Taxation: US Equities vs Domestic Indian Mutual Funds
For Indian resident investors, international diversification is essential, but it comes with a complex web of tax implications under the Liberalised Remittance Scheme (LRS) and FEMA.
The Tax Reality
- Direct US Stocks (LRS route): Subject to a 20% TCS (Tax Collected at Source) on remittances above ₹7 Lakhs per year. Capital gains are taxed differently than domestic stocks. Dividends face a flat 25% withholding tax in the US.
- Domestic Mutual Funds (Investing overseas): Easier to manage, but recent regulatory changes reclassified debt-heavy or certain international funds entirely out of the beneficial equity capital gains structure, shifting them to slab rates.
Capital Gains Breakdown
When evaluating historical backtests, you must account for post-tax returns.
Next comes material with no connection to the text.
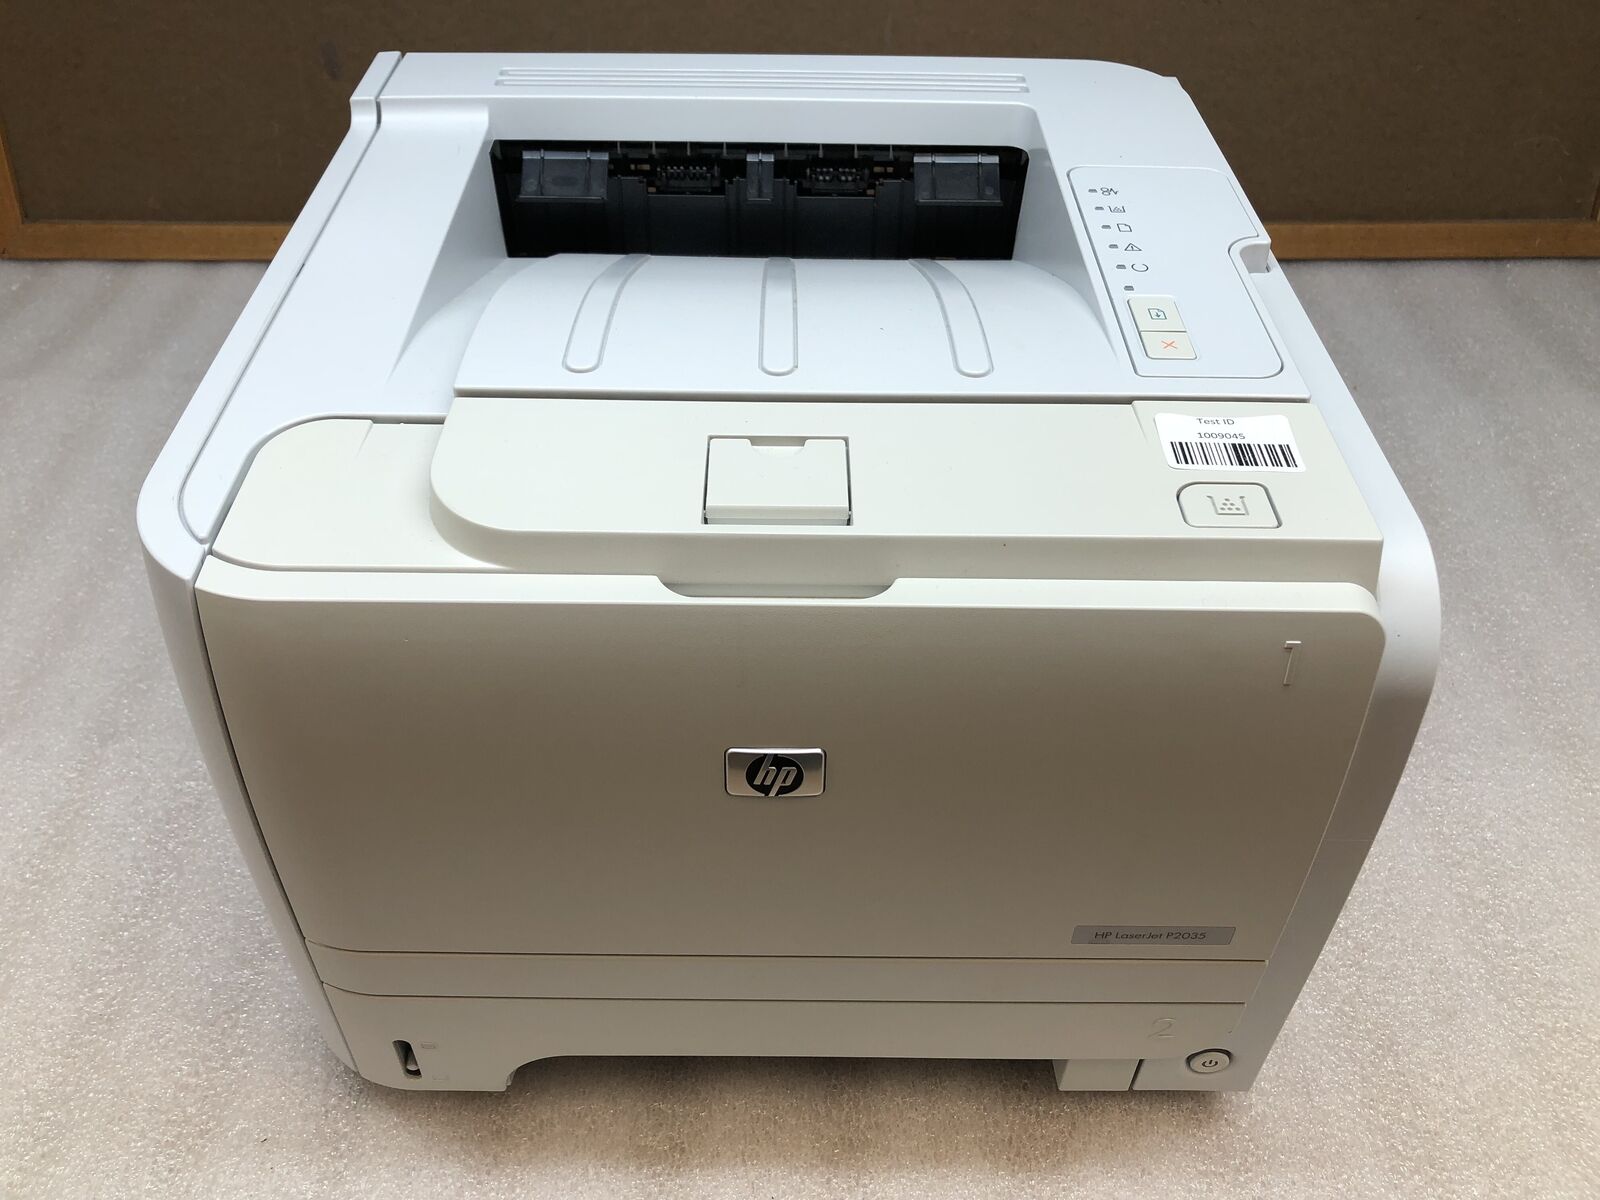 HP LaserJet P2035 CE461A Network Mono Laser Printer with TONER, 5K Pgs TESTED

A 15% CAGR on US stocks might net out lower than a 14% CAGR on Indian equities depending on your slab.
| Asset Type | Holding Period (LTCG) | LTCG Tax Rate |
|---|---|---|
| Domestic Equity MFs | > 12 Months | 10% (over ₹1L) |
| Direct Foreign Equity (US Stocks) | > 24 Months | 20% (with indexation) |
| International FoFs (Debt/Global) | N/A | Slab Rate (Since Apr '23) |
Actionable Strategy for Indian Investors
"Do not let the tax tail wag the investment dog."
While taxes are higher for international assets, the absolute diversification benefits and protection against Rupee depreciation usually outweigh the tax drag. However, active trading of US stocks from India is highly inefficient due to short-term capital gains at slab rates.
The optimal method: Model a core-and-satellite strategy. Use direct domestic MFs for your high-growth core, and allocate 20-30% via Indian domicile FoFs (Fund of Funds) tracking the NASDAQ or S&P 500 for a simpler compliance structure, holding them for the very long term to weather the slab rate penalty through compounding.